When fruit becomes the destination, leaders start managing appearances instead of shepherding souls. The room stays calm, drift goes unchallenged, and clarity becomes the cost of keeping things together.
When diversity becomes righteousness and unity becomes faithfulness, truth becomes the thing nobody wants to examine.
This piece names a category error I’ve caught in myself more than once. I’ve treated outcomes like virtues, assuming the root was healthy because the fruit looked fine. That habit is easy to fall into when the room feels good, and the alignment feels clean.

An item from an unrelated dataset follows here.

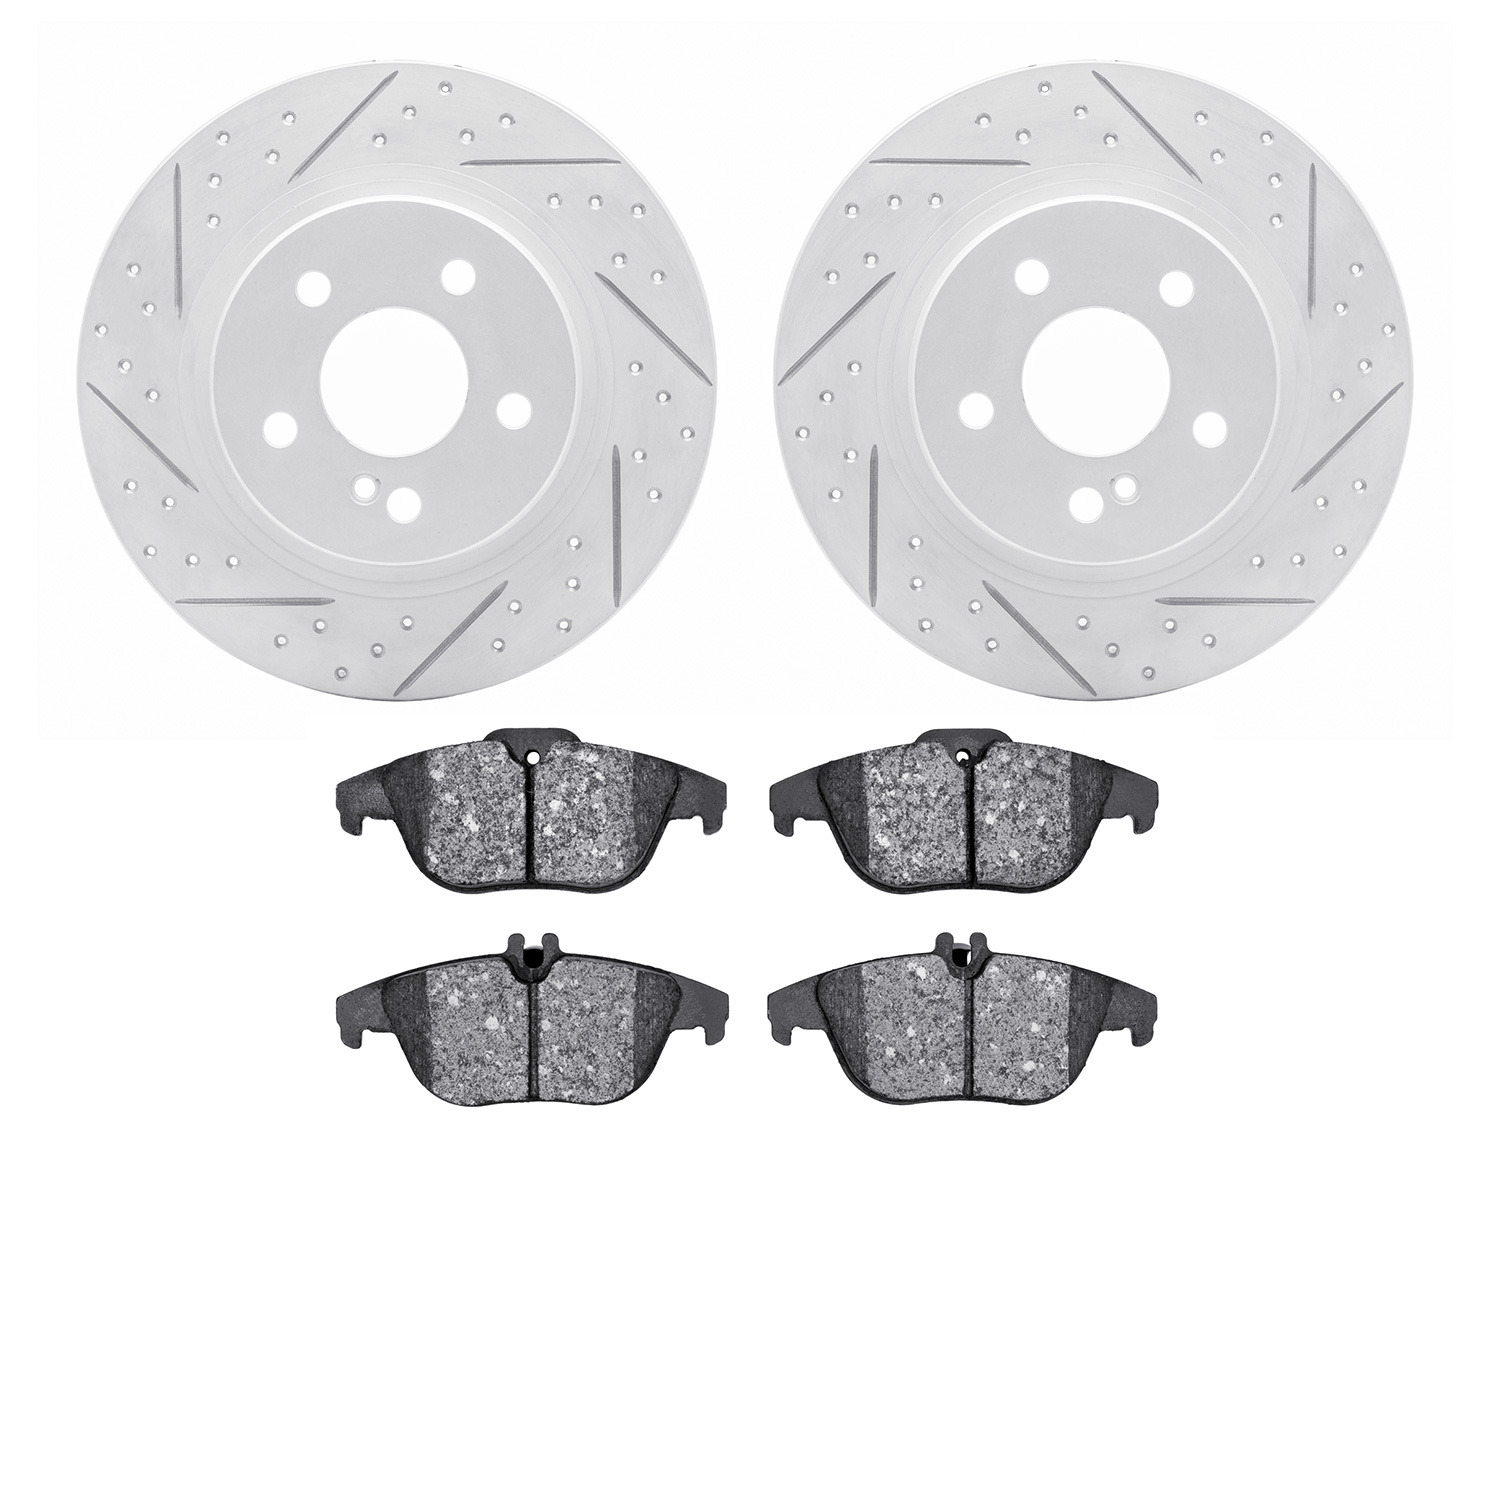 2502-63034 Geoperformance Drilled/Slotted Rotors w/5000 Advanced Brake Pads Kit, 2010-2015 Mercedes-Benz, Position: Rear

I hear it everywhere, from podiums and from pulpits. Different settings, same instinct. We talk about what we can see and skip the slower work of asking what’s underneath it.
On the left, it’s often said, “Diversity is our strength.” On the right, it sounds like, “Let’s stay united around the mission.” Sometimes it’s framed as, “We can’t afford division right now.” The language feels responsible and stabilizing, which is part of why it works. It sounds like maturity.
I’ve nodded along in rooms where that language felt right. The room felt healthy. The alignment felt good. Everyone seemed on the same page, and in the moment that felt like enough. I didn’t stop to ask what was actually holding that alignment together.
That’s where the trouble starts, because we don’t drift into error by hating truth. We drift by assuming it. Scripture calls us to examine fruit by tracing it back to what produces it (Matthew 7:16–20).